Fairbank laughs while remembering the first time he saw Eck’s name on the Monarch roster. That was one name he didn’t have to ask how to pronounce.
He will miss announcing, too
Fairbank knows the first football game next fall will be hard because … well, he loves announcing, and he loves the Monarchs.
But for now, he is enjoying reminiscing.
He talked about the Monarchs’ three state championship basketball teams he got to announce at home games and follow all the way to state, about the standout football players who have played for the Monarchs, such as TJ Gottschalk, who went on to play NCAA Division I ball at Wyoming.
“Now, TJ has daughters playing basketball here,” Fairbank said. “Seeing that is pretty cool.”
Fairbank enjoyed getting the crowd excited when a player made a 3-point basket. He particularly liked announcing players who had reached the 1,000-point milestone in basketball. He sometimes even gave a player a moniker, such as “Downtown Tom Diehl,” a prolific 3-point shooter for the Monarch basketball team in the late 1990s.
He often added adjectives to describe plays or to enhance a call, such as “picking the pig” for an interception or “a whole congregation of Monarchs” for a group tackle.
Most of all, he thought it was important to recognize as many players as possible so their families could hear their names.

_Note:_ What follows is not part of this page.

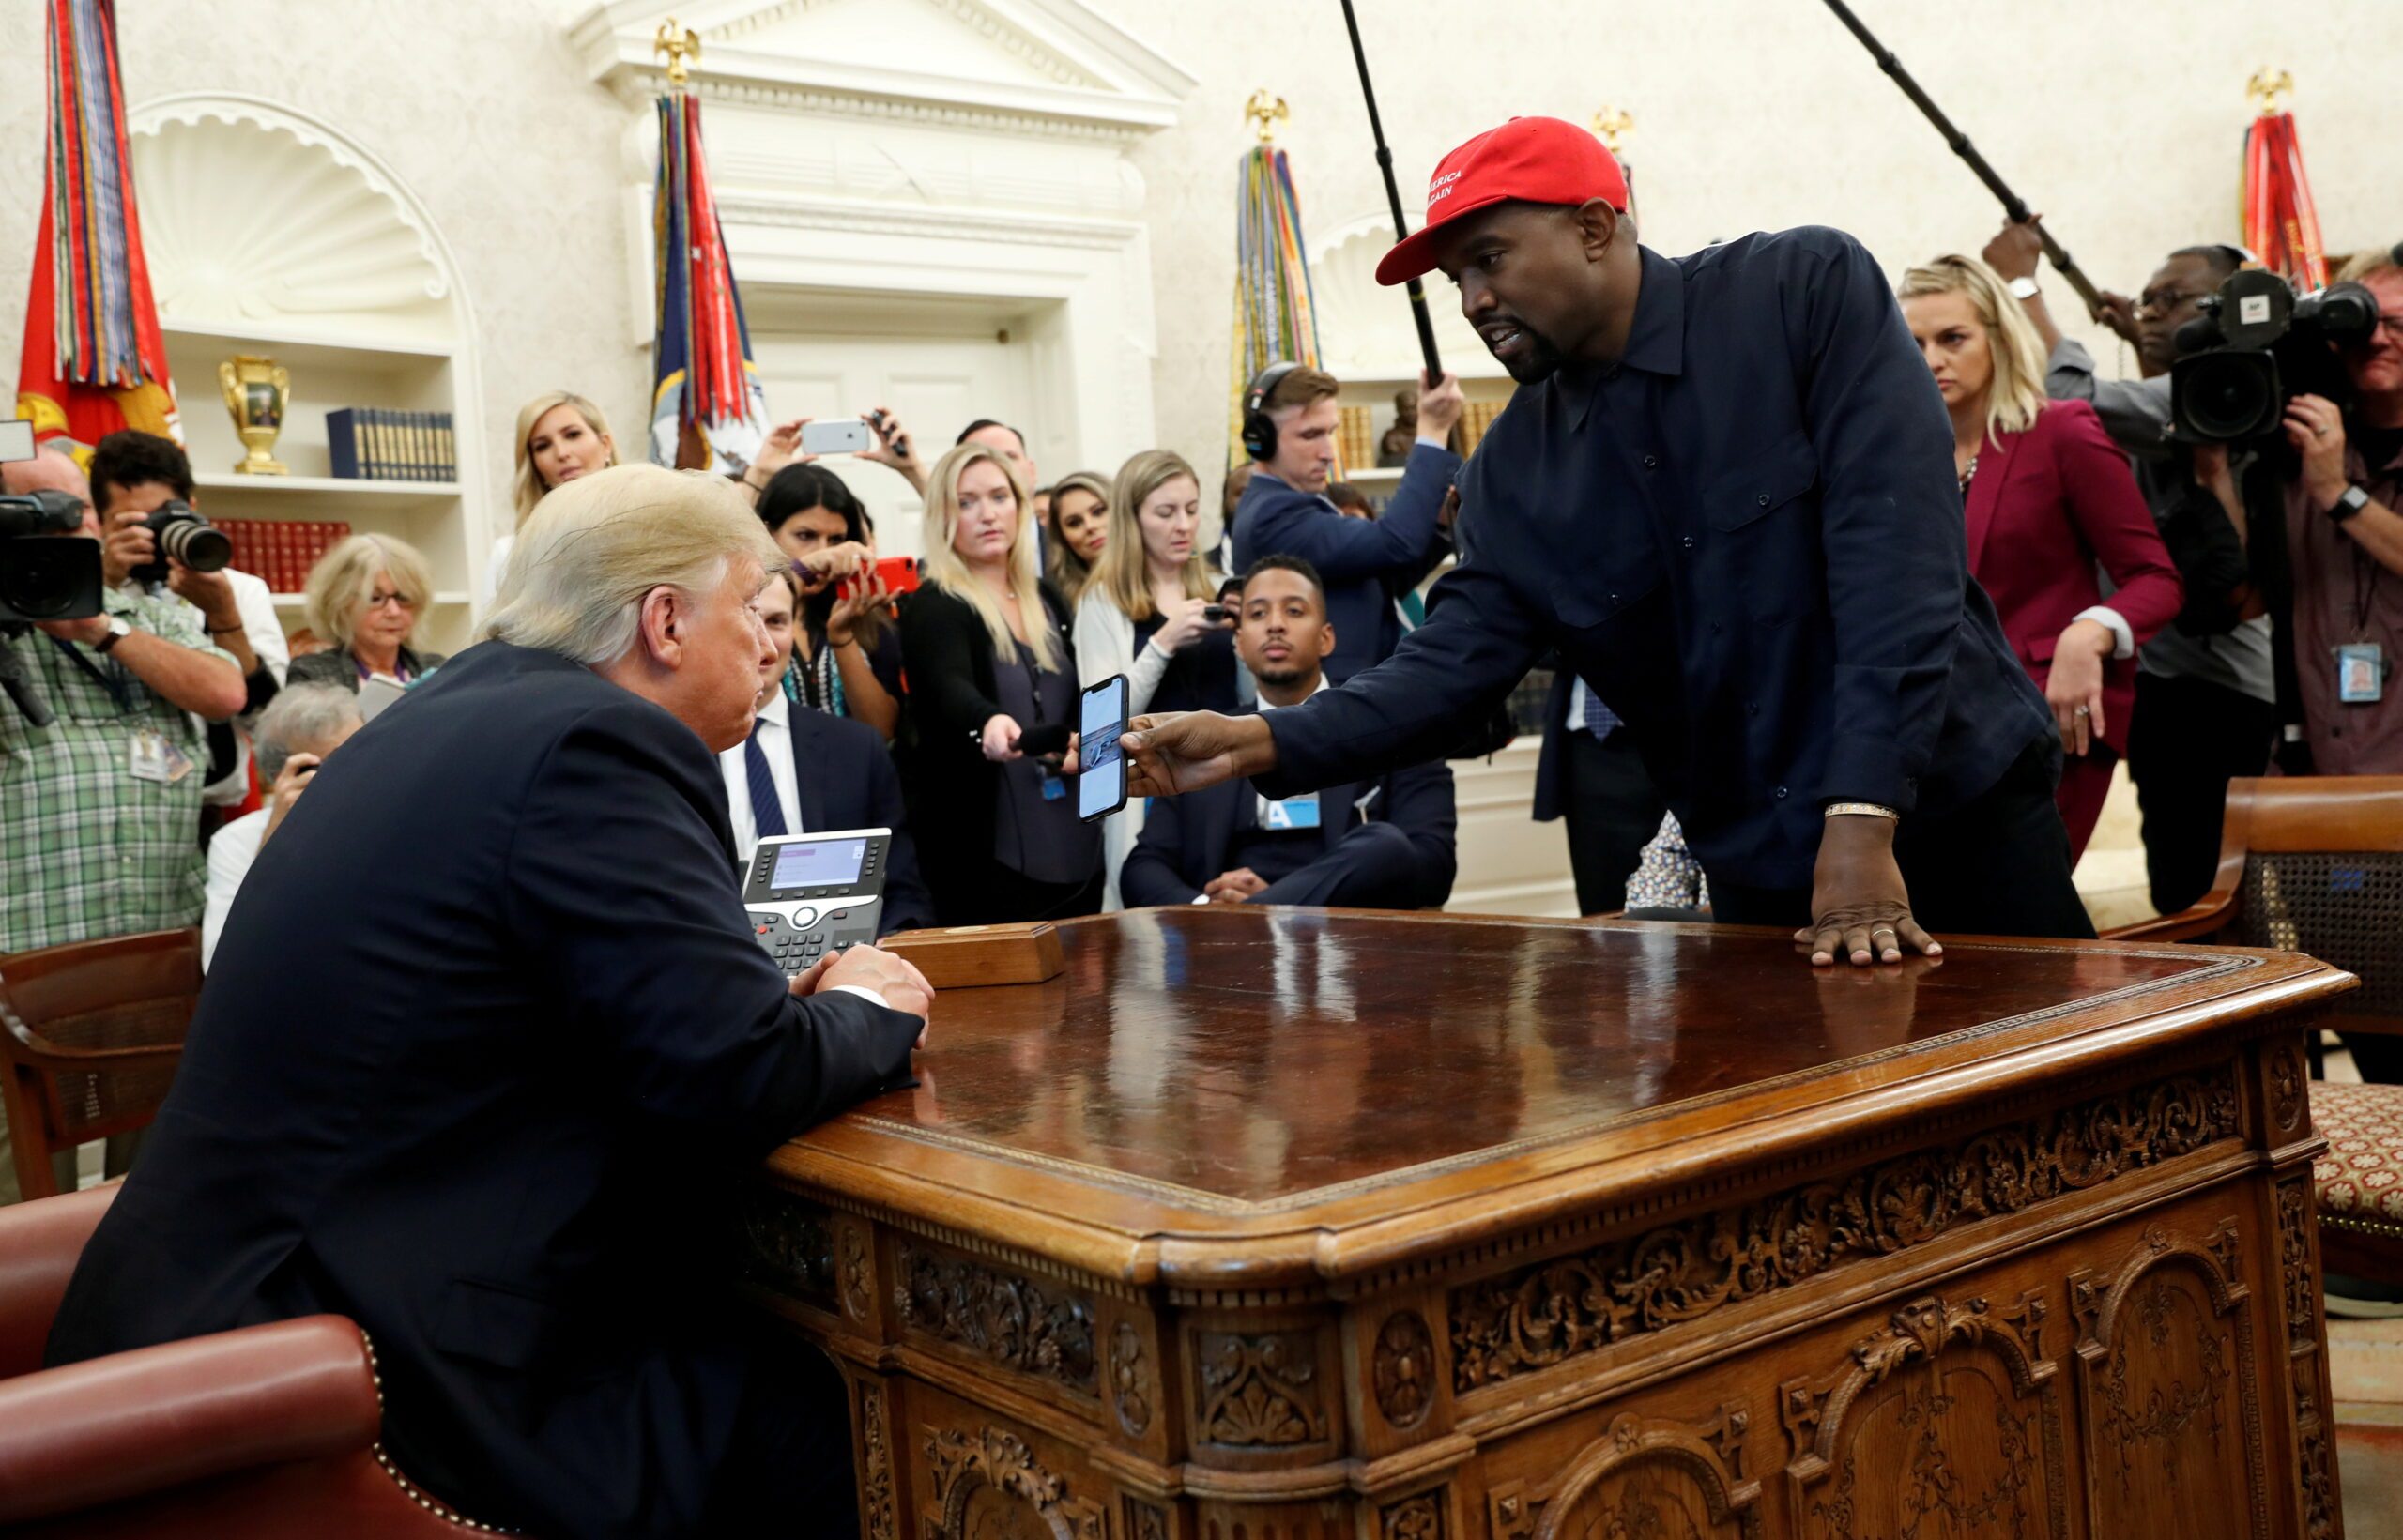 Kanye West publicist threatened Georgia election worker to confess to bogus fraud charges

There is still a possibility for this year’s boys’ and girls’ teams to host a first-round game of sub-state next week, but they will be on different nights. And it’s not quite the same as calling a doubleheader.
“I’ll definitely miss all this, but they’re not going to get rid of me that easily,” he said. “I’ll still come to games and watch as a fan.”
But will you miss calling the games?
“Oh, yes! It will be hard sitting in the stands,” he said with a laugh. “I’ll have to sit somewhere besides behind the scorer’s table.”